Als je job je passie moet zijn: is werken om geld te verdienen echt niet voldoende meer?
Beeld Charlotte Dumortier

Voelt u zich een loser omdat u tevreden bent met uw werk, niet meer en niet minder? Stop daarmee. Niet elke baan hoeft een roeping te zijn. Hoe werken voor brood op de plank veranderde in een permanente zoektocht naar passie.

Als ik op feestjes vertel wat voor werk ik doe, zijn de reacties meestal positief. “Journalist? Cool vak! Dat wilde ik vroeger ook ­worden.”

Tot vorige week. Toen werd ik omringd door enkele millennials die zich hardop afvroegen hoe het toch mogelijk was dat ik al zo lang hetzelfde deed. 25 jaar? Hola, moest ik niet eens iets anders gaan doen? De passie en glans waren er nu toch wel van af? Onderweg naar huis zag ik nog hun verbaasde blikken en hoorde hun uitspraken over ‘ultieme drive’ en ‘je hart volgen’. Tja, in dat licht zijn mijn werkdagen wellicht niet altijd hemelbestormend, maar als ik een fijn artikel heb getikt, maakt me dat nog altijd blij. Is dat niet genoeg?

Terwijl ik me in de dagen erna vergaap aan het duizelingwekkende trainingsaanbod om van je werk je ‘passie’ te maken, moet ik aan mijn vader denken. Hij was als ambitieuze twintiger in het familietransportbedrijf gestapt – op nadrukkelijk verzoek van zijn vader. Dat betekende zes lange dagen werken. Hij hielp met laden en lossen en was verantwoordelijk voor de planning; hij maakte de rijschema’s. Hij werkte, bracht geld in het laatje en was blij met zijn zondagse uitslaapochtend. De woorden ‘passie’ en ‘je hart volgen’ nam hij nooit in de mond.
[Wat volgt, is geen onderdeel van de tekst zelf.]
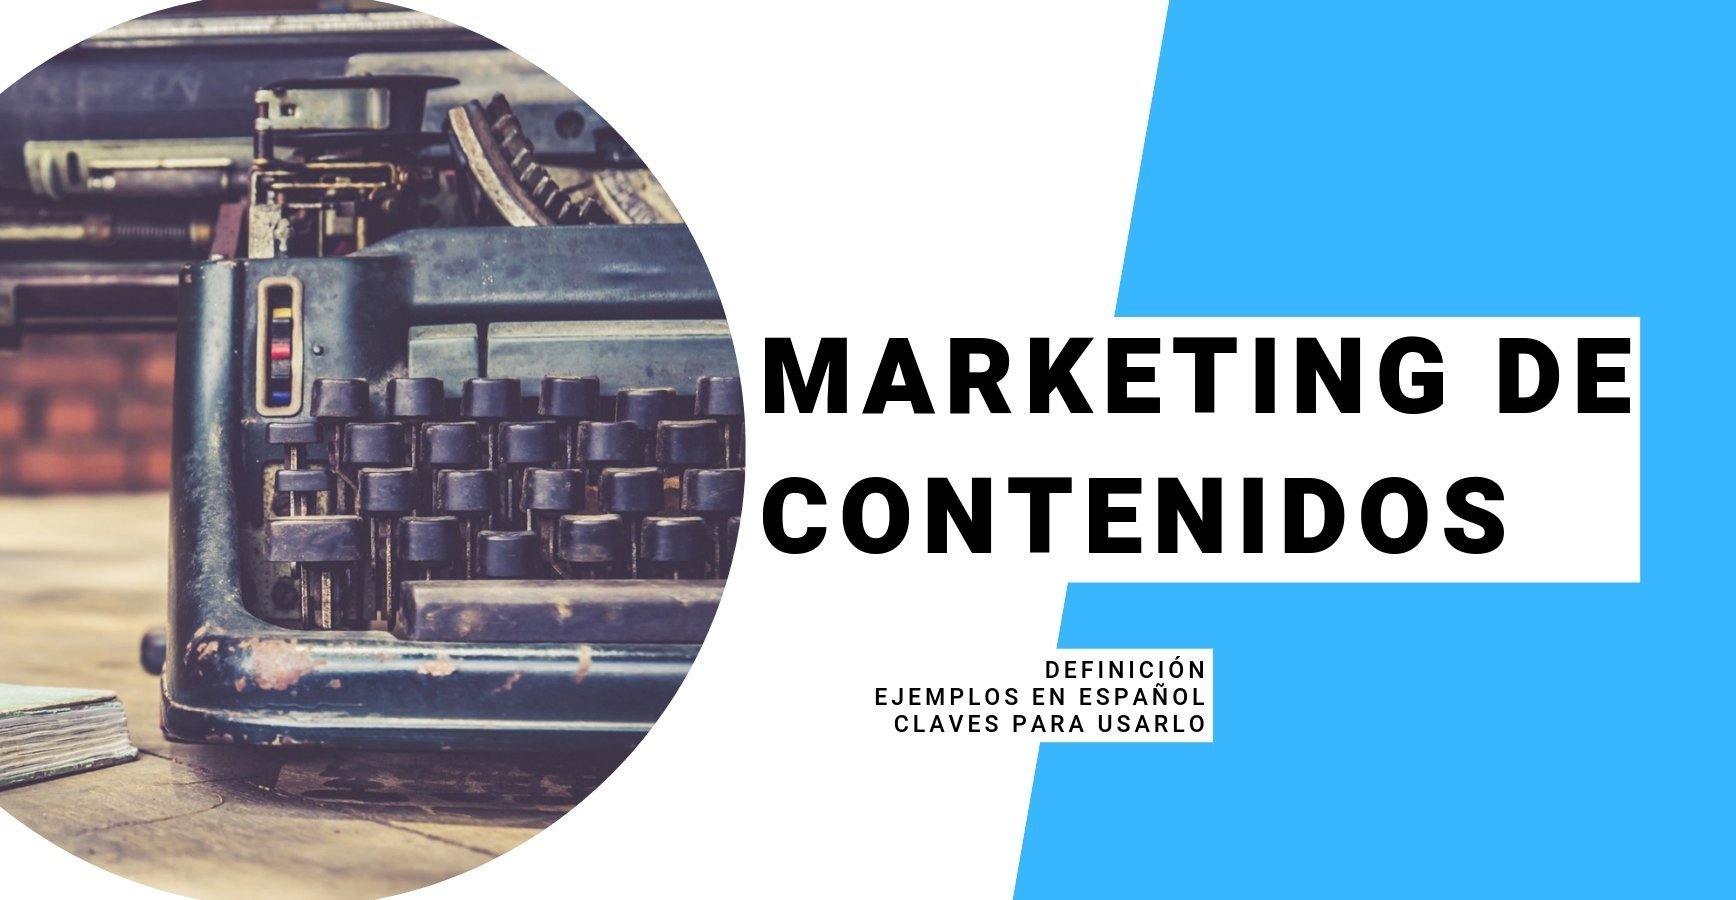 Marketing de Contenidos, qué es, ejemplos en español, claves para usarlo en 2019

Werken voor brood op de plank, dat doe je kennelijk niet meer. Een job van nu moet gelukkig maken, vervullend zijn. ‘Gewoon’ een beroep waarbij je het door de bank genomen prima naar je zin hebt, zonder al te veel pieken en dalen, is vragen om problemen: voor je het weet ben je een grijze muis. Of erger, een gestampte muis – met een flinke burn-out. Werkgelukgoeroes prediken: stop met die middelmatige baan, gooi het roer om en volg je hart. Vooral dat laatste is een hardnekkig mantra. Net als de uitspraak: succes is een keuze. Wanneer werd werk ineens ‘passie’?

Bij de naoorlogse generatie van mijn vader paste het woord ‘droomjob’ niet. Wel gaf hij ons, zijn drie dochters, een dwingend carrière­advies: kies een beroep waar je gelukkig van wordt. Hij had vooral zijn vaders wens gevolgd, en daarvoor zijn geliefde vrije bestaan als wasmiddelenvertegenwoordiger opgegeven.

Jezelf als merk

Loopbaancoach Ciska Pittie, die al ruim twintig jaar werknemers begeleidt, zag tijdens haar carrière de kijk op arbeid veranderen. “Vroeger werkte je inderdaad om geld te verdienen. Je had geluk als je werk had dat bij je paste. Mensen hadden vaak een ‘psychologisch contract’ met hun werkgever; ze bleven er gerust hun hele leven werken.”

Met de stijging van de welvaart, in de gouden jaren 90, kwam er ruimte voor mensen om op zoek te gaan naar zichzelf. Eerst in hun persoonlijk leven, daarna in hun carrière. “Ik weet nog dat begin deze eeuw het boek Het merk IK van Huub van Zwieten (ondernemer en bestsellerauteur, red.) verscheen”, zegt Pittie. “Ineens ontstond het idee dat je van jezelf een merk kon maken, dat je je eigen talenten moest vinden en benutten.” Alles draaide om het individu. “Wat wil ik, waar word ik gelukkig van?”

Jezelf als merk
Beeld Charlotte Dumortier

Maar het was niet alleen de individualisering die een rol speelde, ook de komst van nieuwe generaties op de arbeidsmarkt veranderde de beleving van werk, ontdekte generatiedeskundige Aart Bontekoning: “Zodra een nieuwe generatie de werkvloer op komt, wordt de zittende generatie geconfronteerd met haar eigen gebreken. En dan gaat alles schuiven. Dat zie je nu bij de millennials, zij willen meer vrijheid, flexibeler werken en zeker niet vijf dagen van negen tot vijf. Ook willen ze meer ‘out of the box’ vergaderen en niet ‘top-down’ worden aangesproken.”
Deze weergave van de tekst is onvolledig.